# Letters on pen



## Neededwill (Feb 23, 2013)

So I am a beginner and I would like to make a pen with a letter on it. Almost like an inlay or engraving. So I wanted to have a letter g and thought about drilling the shape and filling with colored glue then turning. Or trying to cut afterwards then fill. So why not ask if anyone knows how to do it.


----------



## Steve Busey (Feb 23, 2013)

Randall, the best thing to do is experiment with what you have.

Am not sure how drilling would work, but some folks around here have done some terrific work with scrollsaws. Also, if you know anybody with a laser engraver, that opens some options to you as well.


----------



## Neededwill (Feb 23, 2013)

I will probably try my hand with a dremmil. Just wanted to see what all the experts had to say.


----------



## mrcook4570 (Feb 23, 2013)

Depending on the desired outcome, I take two slightly different approaches.  If I want just an engraving, then I turn, finish, and assemble the pen as usual.  Then, I engrave the letter, name, logo, photo, etc. into the pen.  Virtually any color fill can be added and the finished product will have the desired text permanently laser engraved into the the pen.

If I want an inlay (i.e. final product with a smooth surface), then I rough turn the barrel to approximately 1/8" oversize.  Next, I will engrave the text, image, logo, etc.  Then I will fill that engraving with a contrasting material such as embossing powder, inlace, crushed stone, colored epoxy, another wood, etc.  I return to the lathe and turn the barrel to final dimension, sand, apply the finish, and assemble the pen. This will result in a smooth surface with the image in a contrasting material.


----------



## Jgrden (Feb 24, 2013)

Here is an idea.
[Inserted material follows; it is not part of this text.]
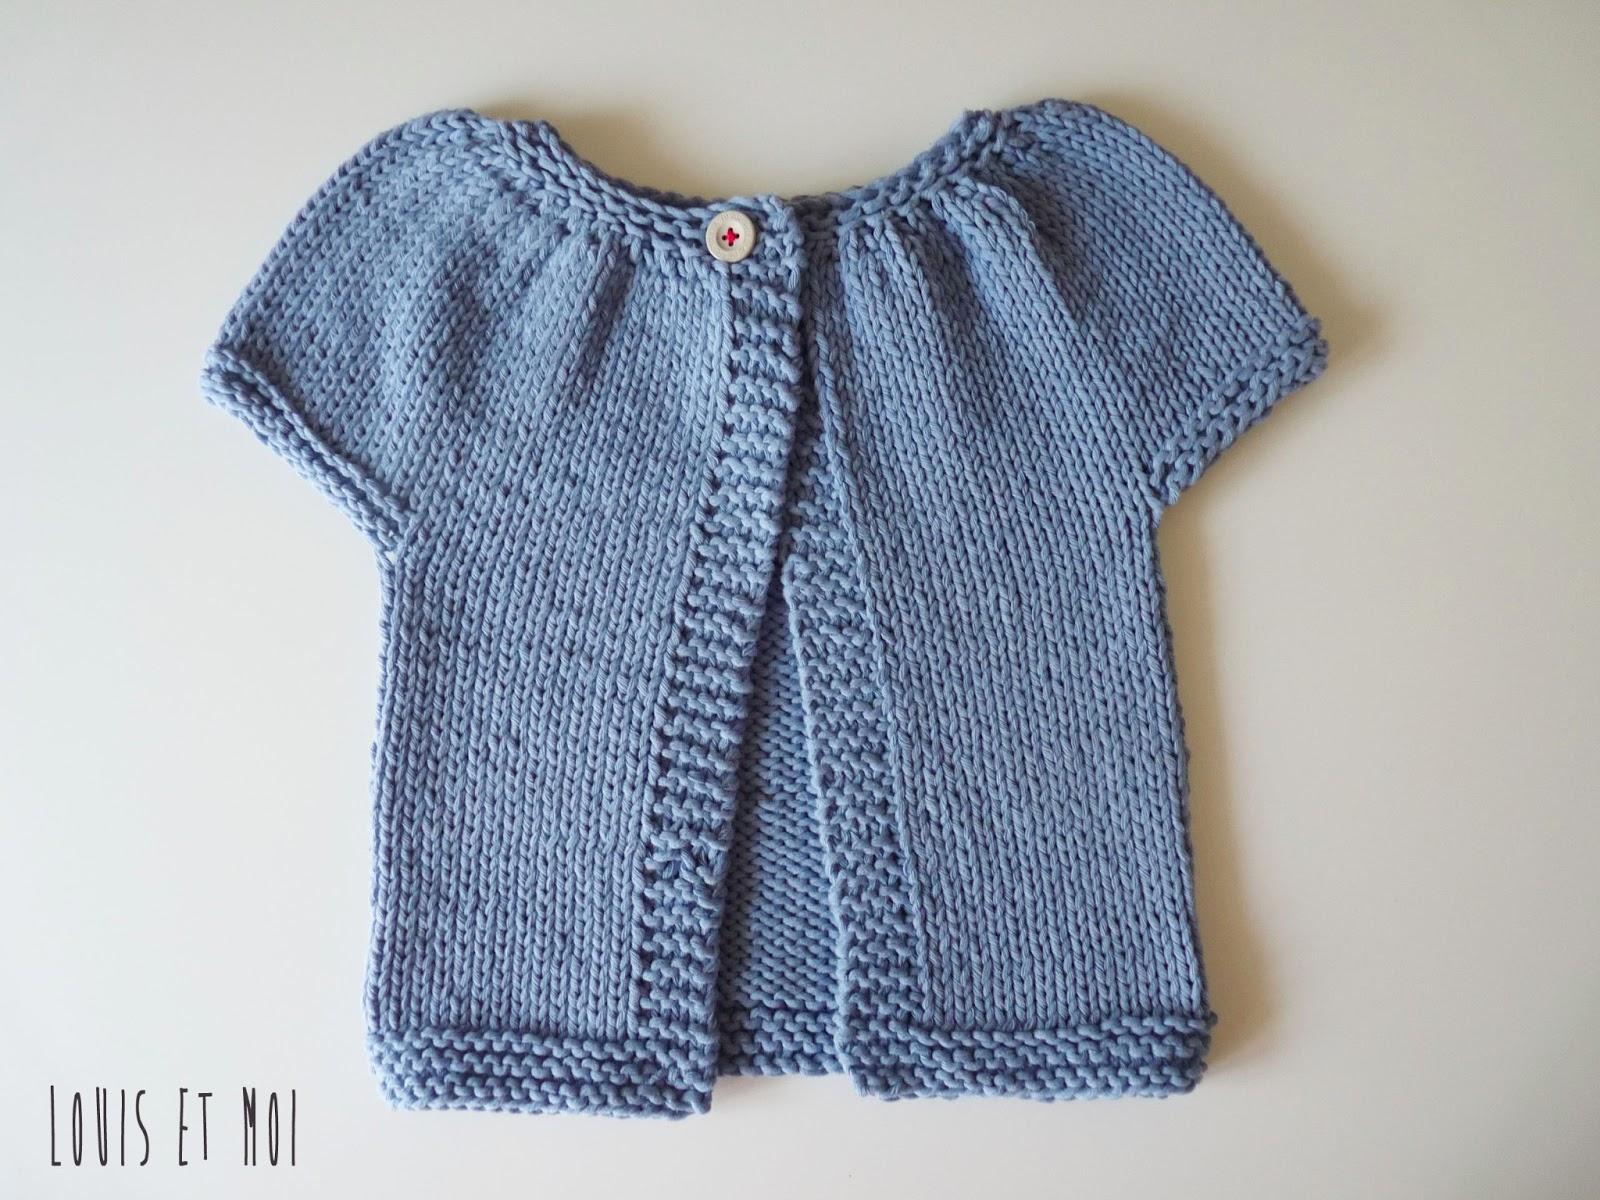 Louis et Moi (cosen y hacen crochet): Mi primera chaqueta, chispas!!
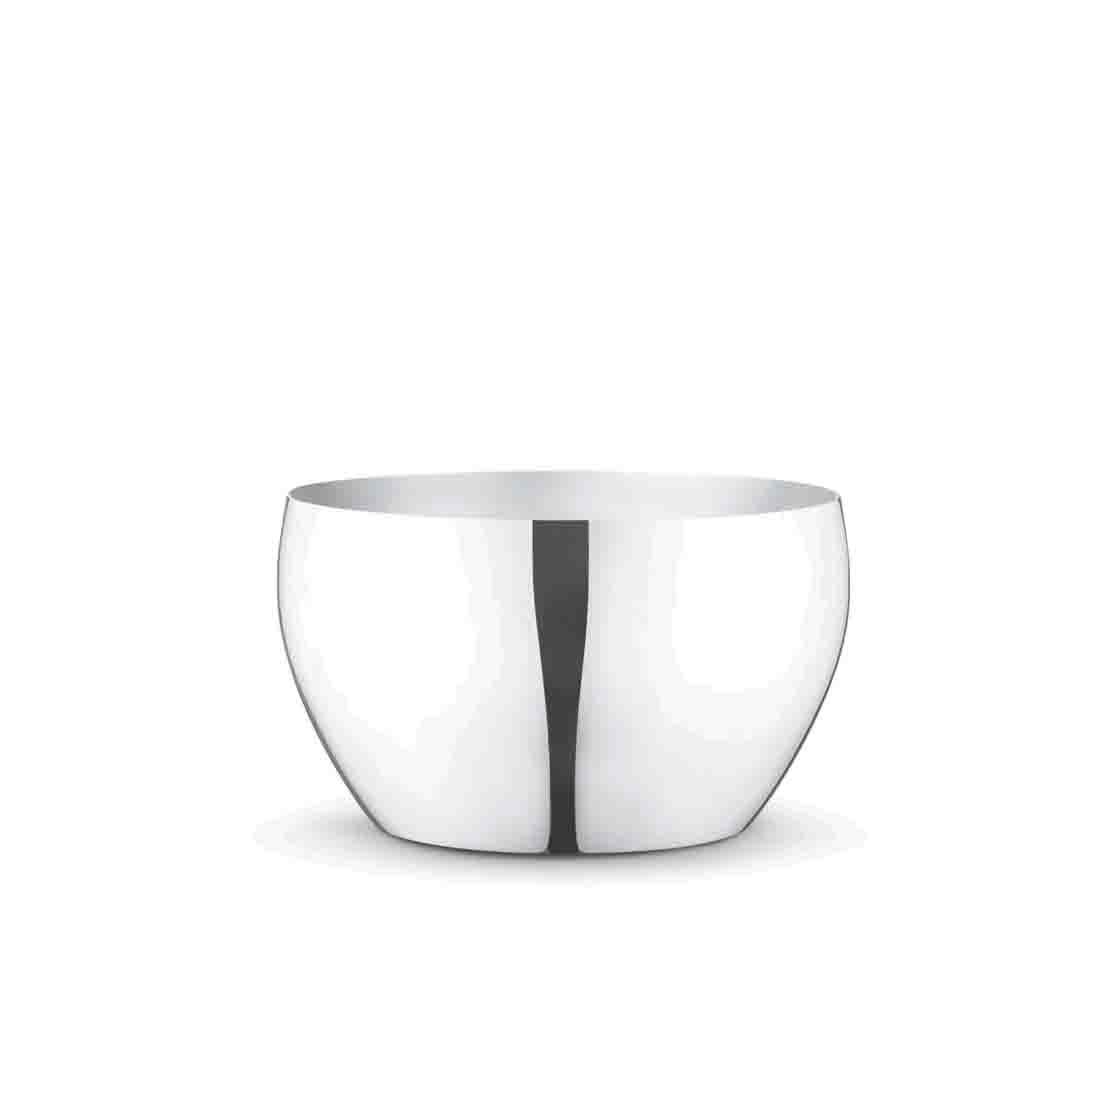 LIVING GEORG JENSEN CAFU系列 - 不鏽鋼置物皿(中型) 建議售價NT$3,500

I wanted to "brand" my wooden pens with lower case initials. I took a nail with a large head and long stem and filed my initials into the top. Needs to be in reverse, I found out the non-thinking ahead way, and you can then heat it with a small butane gizmo and burn the initials into the wood where ever you want.


----------



## Pjohnson (Feb 24, 2013)

Jgrden said:


> Here is an idea. I wanted to "brand" my wooden pens with lower case initials. I took a nail with a large head and long stem and filed my initials into the top. Needs to be in reverse, I found out the non-thinking ahead way, and you can then heat it with a small butane gizmo and burn the initials into the wood where ever you want.



This sounds interesting. Do you have a pic of the results that you can share, please?


----------